[[ Available data, beginning ]]

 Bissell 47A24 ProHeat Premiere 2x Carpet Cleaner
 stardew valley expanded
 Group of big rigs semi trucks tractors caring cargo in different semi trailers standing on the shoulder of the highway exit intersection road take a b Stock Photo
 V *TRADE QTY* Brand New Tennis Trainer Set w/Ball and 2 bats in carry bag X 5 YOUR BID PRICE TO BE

[[ Available data, end ]]

Activity: The full listing is to be restated word for word.

Solution for this exercise:
 Bissell 47A24 ProHeat Premiere 2x Carpet Cleaner
 stardew valley expanded
 Group of big rigs semi trucks tractors caring cargo in different semi trailers standing on the shoulder of the highway exit intersection road take a b Stock Photo
 V *TRADE QTY* Brand New Tennis Trainer Set w/Ball and 2 bats in carry bag X 5 YOUR BID PRICE TO BE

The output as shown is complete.